Muslim Students at Berkeley Respond to Wajahat Ali’s Atlantic Piece, “A Muslim Among Israeli Settlers”

Jun 01

Since The Atlantic published Wajahat Ali’s piece, “A Muslim Among Israeli Settlers,” a firestorm has erupted within the North American Muslim community, largely focused on what seemed to most Muslim and pro-Palestinian readers to be an apology for Zionism, and the author’s relationship with the controversial Muslim Leadership Initiative.  I personally found the piece offensive for many reasons, particularly the way in which it tended to equate the religious fanaticism of the Israeli settlers with the determination of the Palestinians to resist their messianic fantasies.  I was particularly offended by his incredulous reaction to the Palestinian in Khalil (Hebron to those unable to move beyond the time frame of the Old Testament) who, despite being surrounded by fanatic Israeli settlers, was unwilling to sell his house to them for $4 million, or for any price.

In any case, there have been several excellent critiques of this article on Facebook, including this one by Sylvia Chan-Malik, deconstructing the sympathetic language Wajahat used to describe the Zionist settlers, with the judgmental and hectoring rhetoric he reserved for the Palestinians.  Hafsa Kanjwal also had on her Facebook page an excellent critique of Wajahat’s attempt to set the Kashmiri struggle against that of the Palestinians and exposed it for a classic case of “whataboutery”, noting her disgust as a Kashmiri that her struggle would be used to undermine that of the Palestinians.  Many others have been disgusted by his reaction of running to the Atlantic, and publishing there a complaint about the Muslim reaction to his first piece, which led the Islamic Society of North America to disinvite him to their annual conference.  He is now taking on the appearance of a free speech martyr as a result.
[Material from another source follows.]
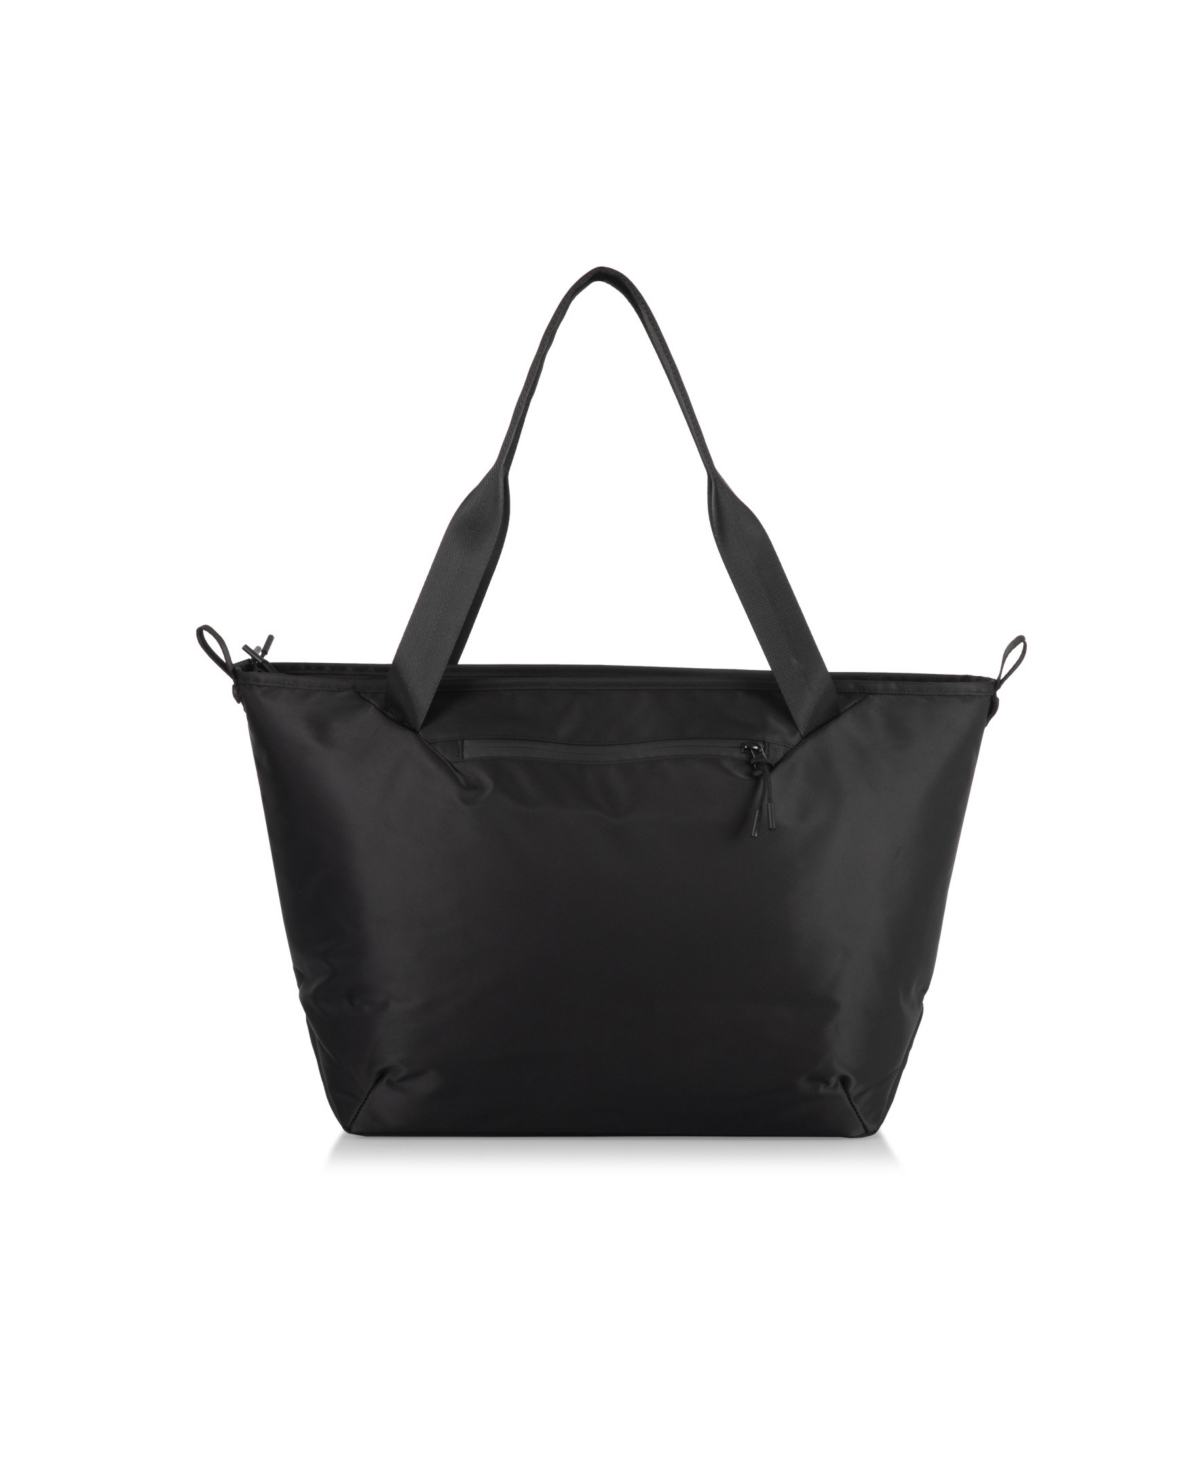 Oniva Tarana Cooler Tote Bag In Carbon Black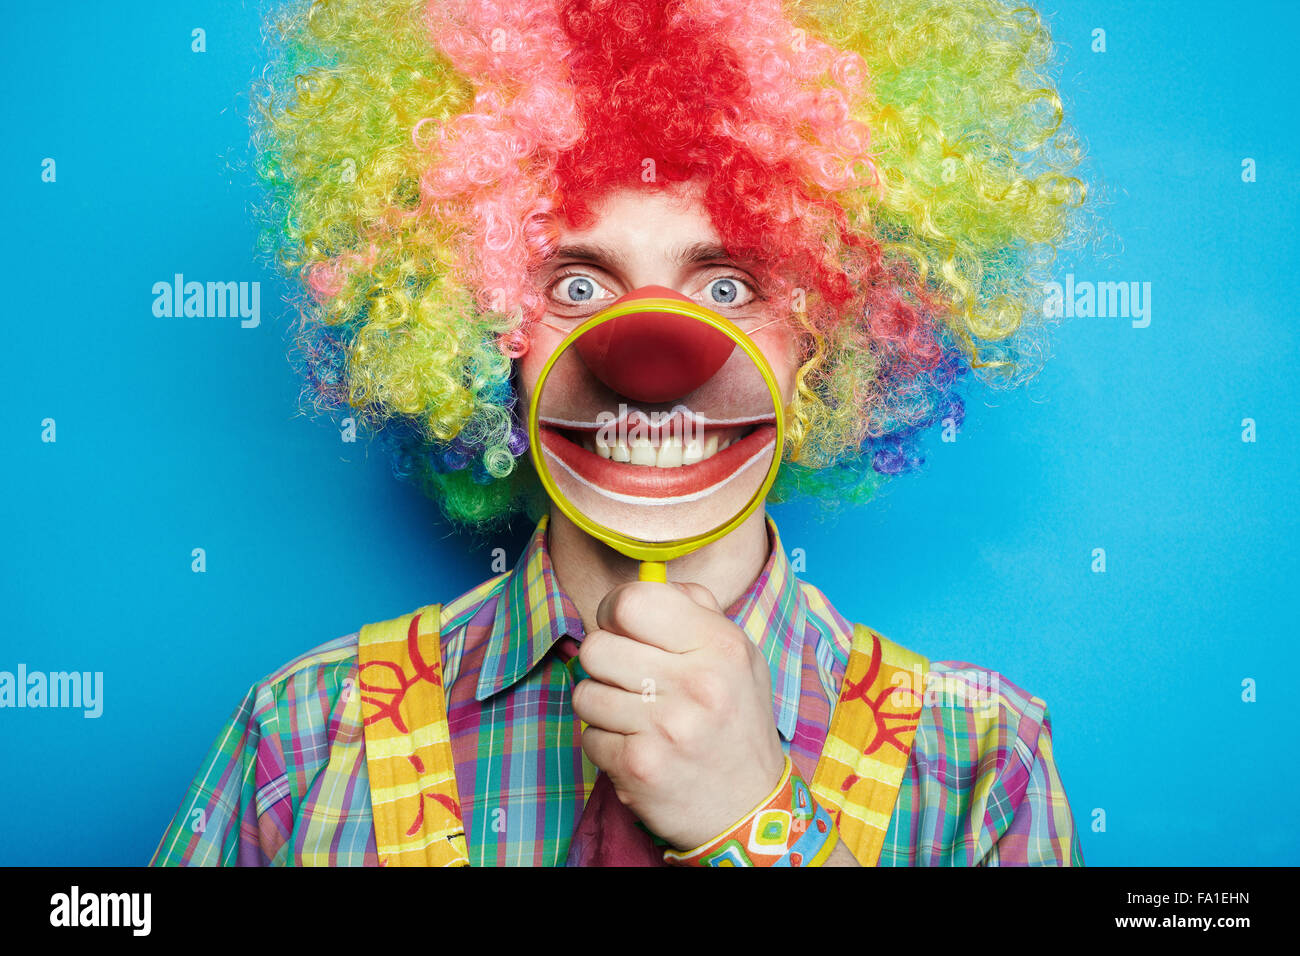 Avec le clown joyeux Portrait grand sourire sur un fond bleu Banque D'Images

I have said before, and I will say it again: I greatly admire Wajahat’s work on Fear, Inc., the Roots of the Islamophobia Network.  It is ironic that since teaming up with MLI, he is actually cooperating with some of the very same funders of the Islamophobia Network in the name of inter-religious dialogue.  In a brief exchange with Wajahat on Facebook a couple of weeks ago after his first Atlantic article, I told him that he was not entitled to speak anywhere, and that he had to take responsibility for his participation in MLI, and he could either admit it was a mistake (which I counseled him to do), or defend it, and try to persuade us that we are mistaken.  But he could not attempt to hide from it, pretend it was not a big deal, and then resent being excluded by Muslim groups who find collaboration with Uber-Zionists to be, well, at a minimum, distasteful.

What many of us may not have heard, however, is the voices of Berkeley MSA students from the years Wajahat mentioned in his Atlantic piece. One of them sent me an essay he wrote in response to the Atlantic piece, defending the Berkeley MSA against Wajahat’s charges, and basically calling him out for many half-truths.  With his permission, I am reproducing the response below:

This is an informal (and long for FB) but necessary reply to Wajahat’s vulgar and ahistorical article and documentary in The Atlantic. His deeply offensive and inaccurate depiction of the Muslim Student Association at Berkeley, which I and others were proudly a part of during my undergraduate years when he was also present, is also unacceptable. I limit my riposte here to 14 specific examples because I enjoy neither the time nor patience to write a full length publishable rebuttal (nor desire to engage further, although I have been asked to write a piece by several friends). The article and documentary suffer from so many flaws that an appropriate response would easily consume many more pages.

  1. He writes: “The conflict in the Holy Land superseded all other Muslim suffering, including the ongoing occupation of Kashmir, the repression of Chechen Muslims, and the daily racism experienced by many African-American Muslims.”

First, nobody disputes that Palestine is a central cause for Muslims for numerous reasons. Second, the second intifada broke out in 2000 (during our time at Berkeley) when the war criminal Ariel Sharon visited the Temple Mount. This further catapulted Palestine into the conscious of students. Who could forget the disturbing footage of 12 year-old Muhammad al-Durrah executed by the Zionists while crouching in the arms of his father?

Third, there were many events that covered Kashmir, Chechnya, and racism experienced by African-Americans. I can recall 7 off the top of my head, including but not limited to, an event where a Chechen doctor spoke of how his Hippocratic Oath forced him to treat Russian soldiers, numerous events on Malcolm X and racism against African-Americans, and a panel where Professor Algar spoke on Kashmir.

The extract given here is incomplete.